Rational Software Architect includes functionality to help you perform architectural discovery on your model or code, which can help you understand your model from an architectural perspective. Figure 6 shows a simple UML model that I created. Bring up the Diagram Navigator view, and then expand some of the properties. Notice how the analysis is performed, and you start seeing more information about the simple class diagram you created. The left pane shows the architectural discovery. Look at the sections under Object-oriented Patterns: you'll see the abstract classes and inheritance tree represented in the UML class diagram.

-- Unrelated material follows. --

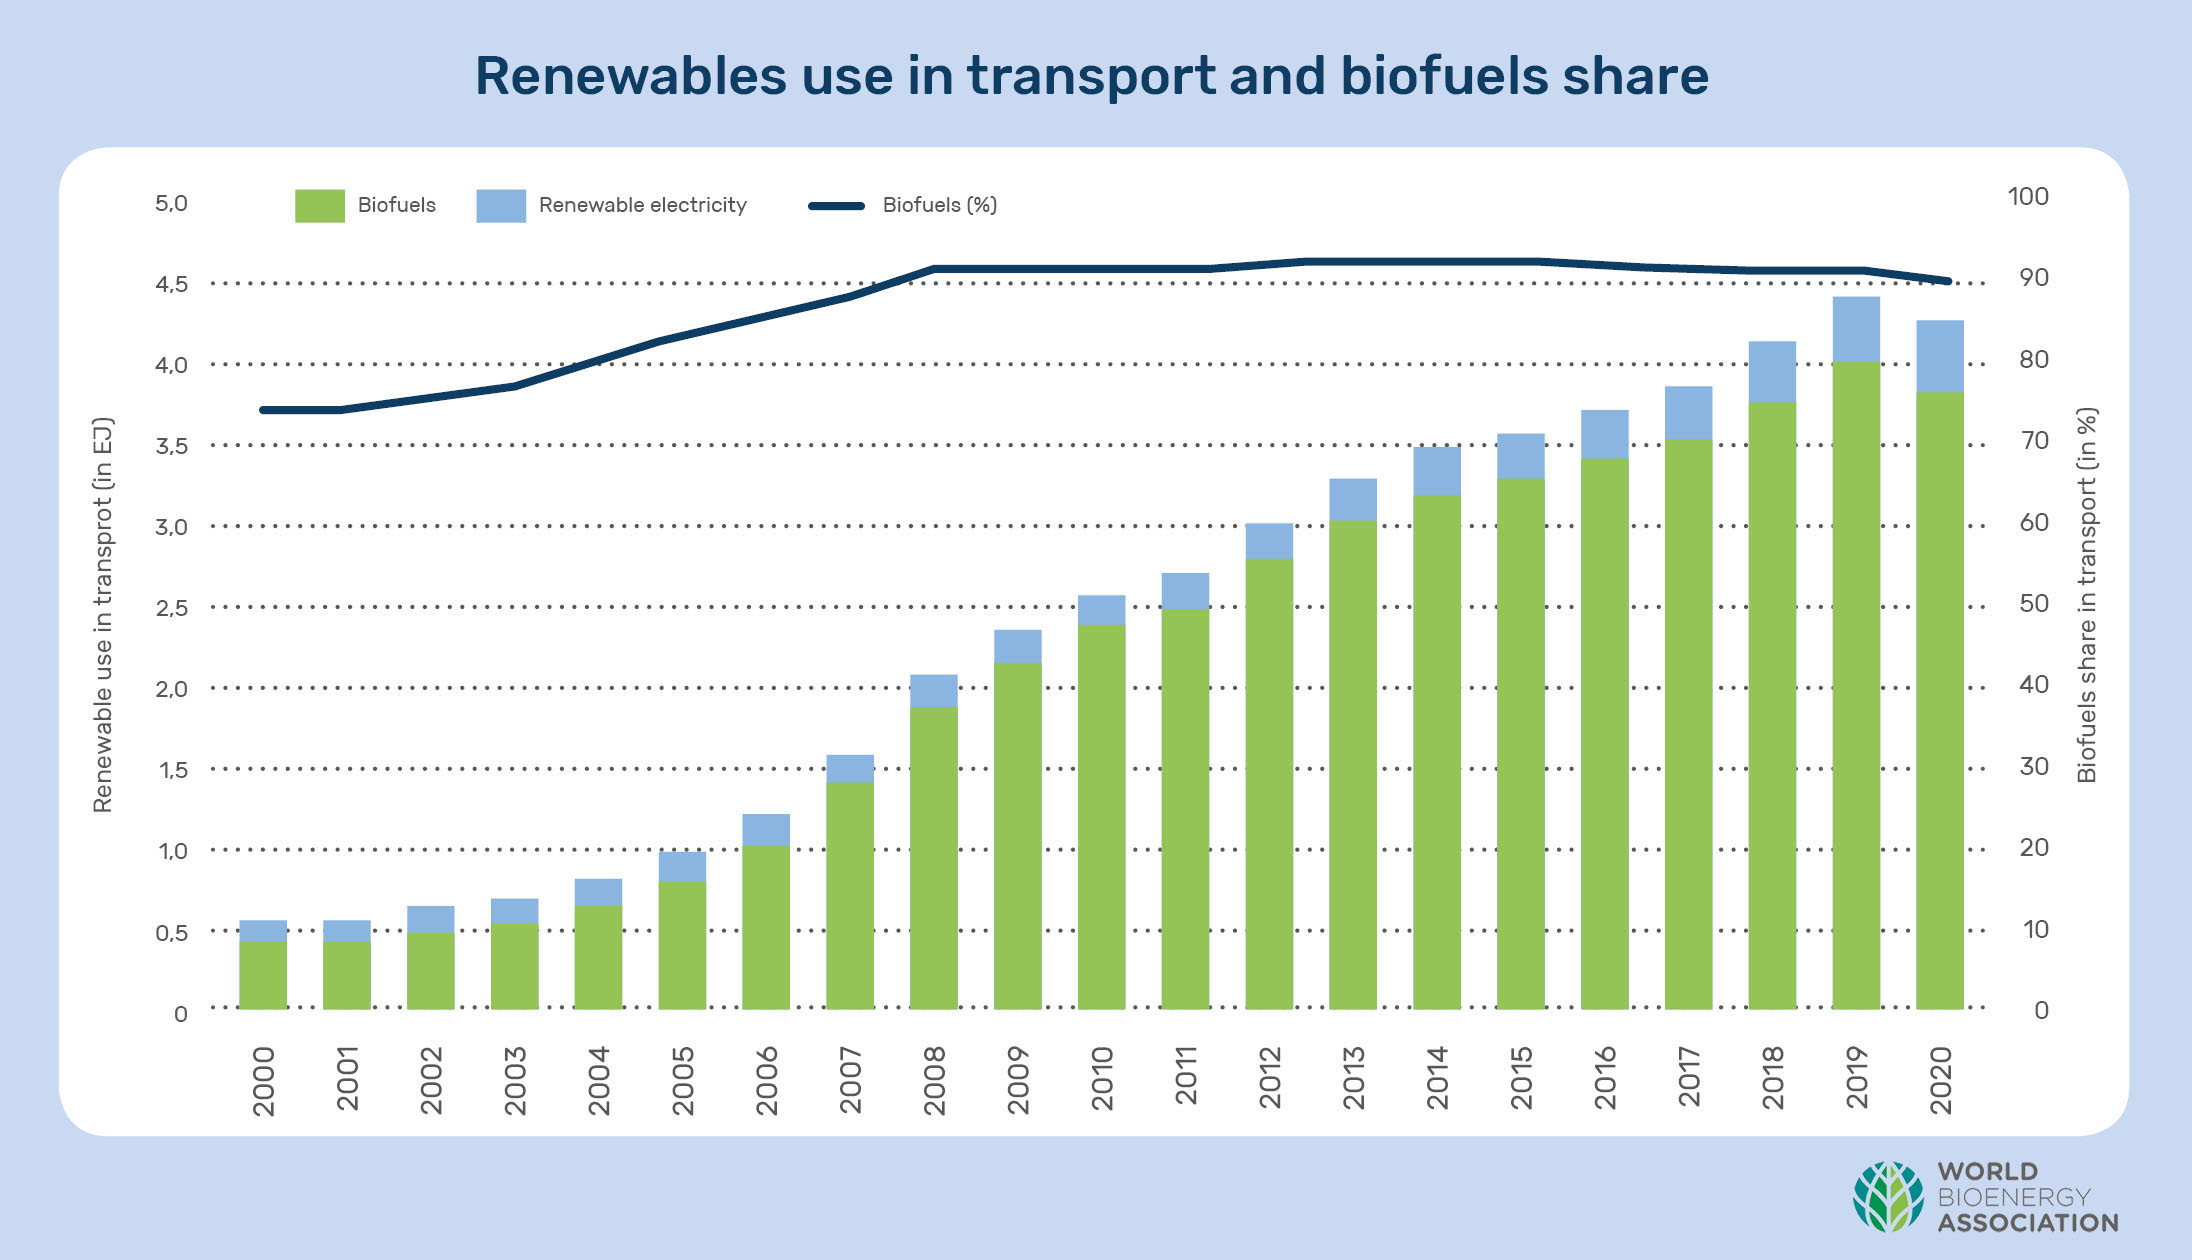 RES use in transport and biofuels share

Figure 6. Architectural discovery on a UML model example
Architectural discovery on a UML model example

The architectural discovery feature is important because it provides valuable insight into the overall quality of your code. It can help you identify potential problem areas and structural issues. Identifying and resolving these problems early can lead to a more predictable, robust, and maintainable product in the long run. (For more information see the Resources section at the end of this article.)


Summary

Rational Software Architect is a tool built on Eclipse that allows developers and architects to leverage the usability features of the Eclipse Platform. However, Rational Software Architect goes beyond the features of a typical IDE -- it provides rich modeling and architectural design and discovery capabilities. In this article, I introduced you to basic concepts about how to use Rational Software Architect, and talked briefly about the Modeling perspective and the different views attached to this perspective. This information is your window into all the modeling capabilities provided with Rational Software Architect.

Nevertheless, I've only skimmed the surface of Rational Software Architect. The simple UML use case diagram creation that I showed you will serve as the foundation for what'll I'll discuss in later articles. In the meantime, you can leverage this information to practice creating other UML diagrams, including sequence diagrams and collaboration diagrams, in Rational Software Architect.

If you're a developer, I recommend that you explore the architectural discovery features of Rational Software Architect in more depth. These features are valuable and help improve the overall robustness and maintainability of your code. To truly understand and explore all that Rational Software Architect has to offer, consider applying these basic modeling capabilities to your project.